American football player and conservation activist (1936–2010)

Walter William Fondren III (April 29, 1936 – January 28, 2010) was an all-conference football player and conservation activist. He played halfback, quarterback and punter for the Texas Longhorns from 1955 to 1957 and was the first starting quarterback for Darrell Royal. He was later a founding member of the Coastal Conservation Association.

==Early life==
Fondren was the son of Doris Ledwidge and Walter William Fondren, Jr. and grandson of Humble Oil co-founder Walter William Fondren, Sr. He grew up with his three sisters in Houston, Texas and became a star athlete in high school. Playing tailback, he led Lamar High School to the 1953 High School State Championship, the first undisputed football championship for a Houston school in 33 years. He won the Texas Sportswriter's "Outstanding High School Football Player of the Year" Award, and received all-State, all-Southern and All-American high school honors, becoming one of the state's top high school recruits. He also ran track and played basketball and baseball.

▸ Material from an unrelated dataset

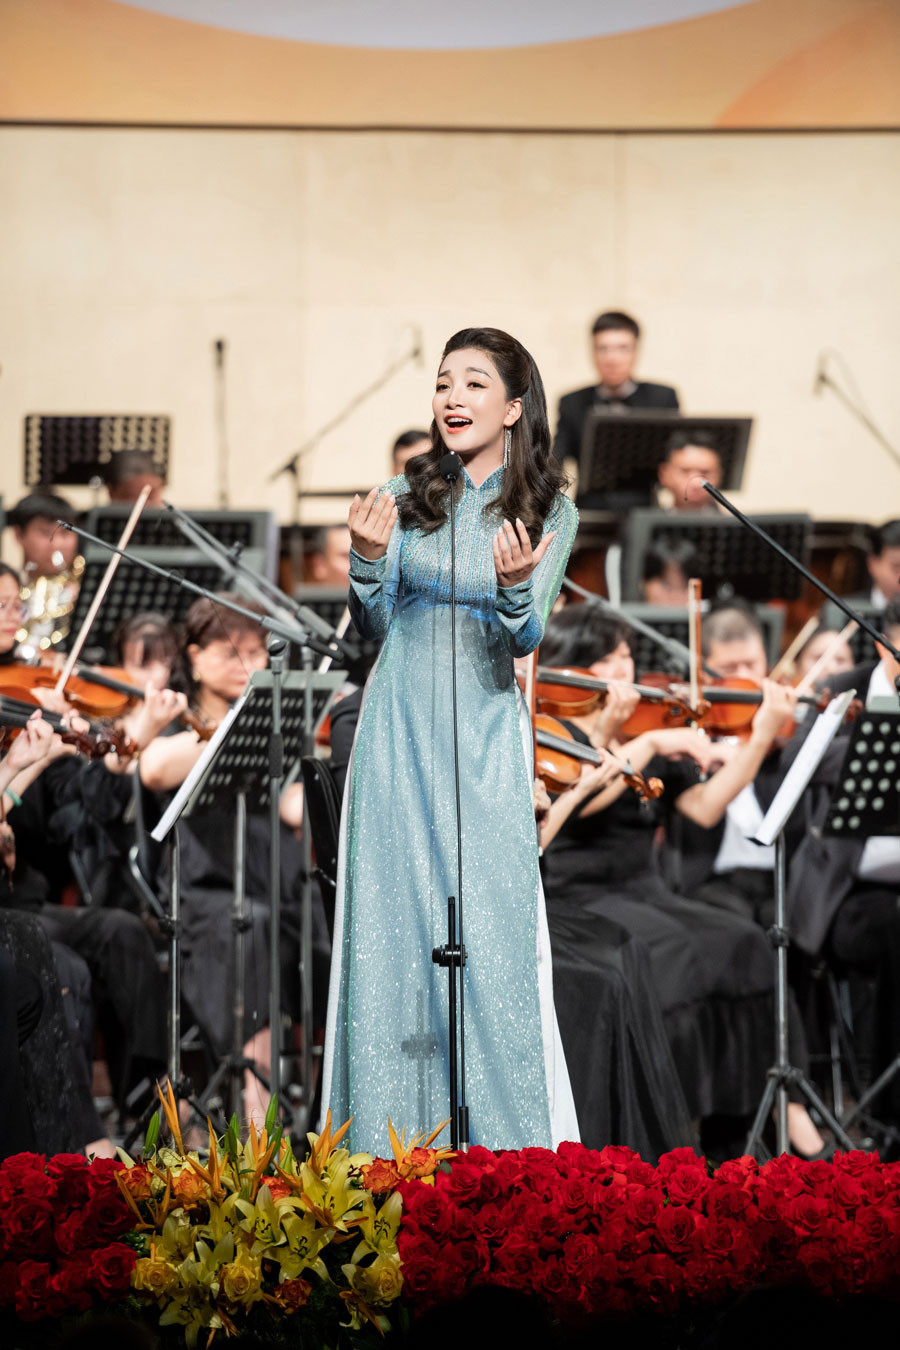 Ca sĩ Phạm Thu Hà lên tiếng khi bị cho là hát sai lời 'Đất nước tình yêu' - Ảnh 1.
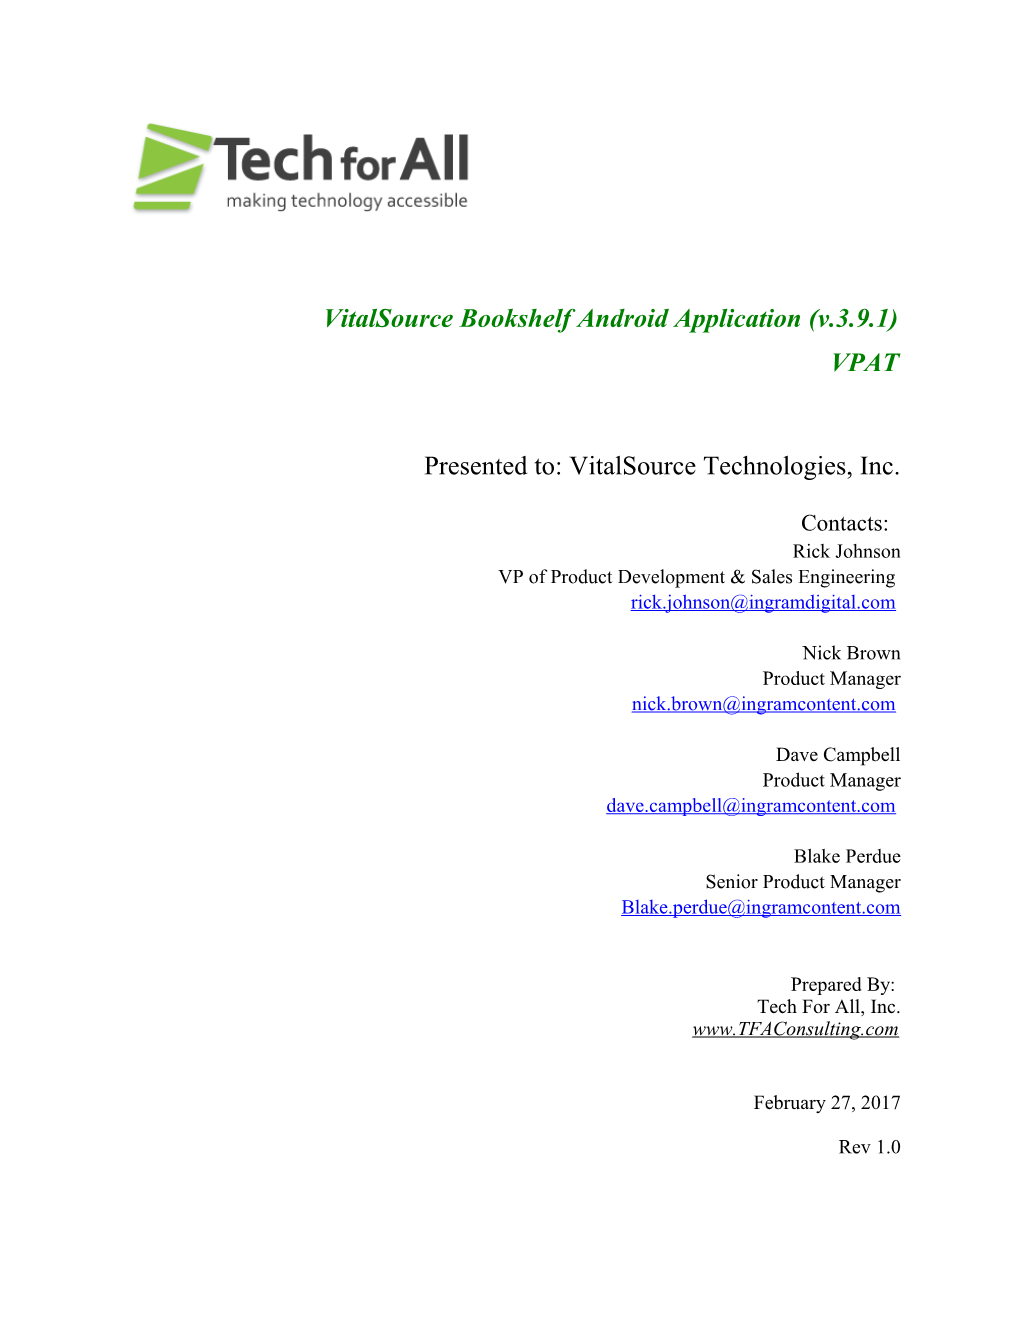 Vitalsource Bookshelf Androidapplication (V.3.9.1)

Fondren was also an excellent golfer like his father, who played varsity golf at the University of Oklahoma.

==College football==
Despite family ties to Rice and SMU, Fondren surprised many by choosing to attend Texas, in part due to what he viewed as a superior geology program. He started as a quarterback, but spent two years playing halfback before getting the chance to do so again. He was also the starting punter, played defensive back and returned kickoffs and punts. He played so much that he still holds the school record for minutes played in a season.

He played quarterback on the freshman team and started his sophomore season in 1955 playing that position as well. In fact he earned his first start at quarterback in the first game of the 1955 season, but by the second game that year he was moved to tailback to make room for Joe Clements after he threw for over 200 yards against Tulane. Despite the late change, he led the team in rushing, all-purpose yards, and scoring and was named "First Team All Southwest Conference" as a halfback. His success that year led to comparisons to SMU's Doak Walker because of his ability to run, pass and punt the football; and because his sophomore statistics exceeded Walker's. He was named a candidate for All-American during that year, but was not named one at the end. Despite Fondren's success, the team struggled to a 5-5 record, losing to #3 Oklahoma and #7 TCU before upsetting #8 Texas A&M to finish the season.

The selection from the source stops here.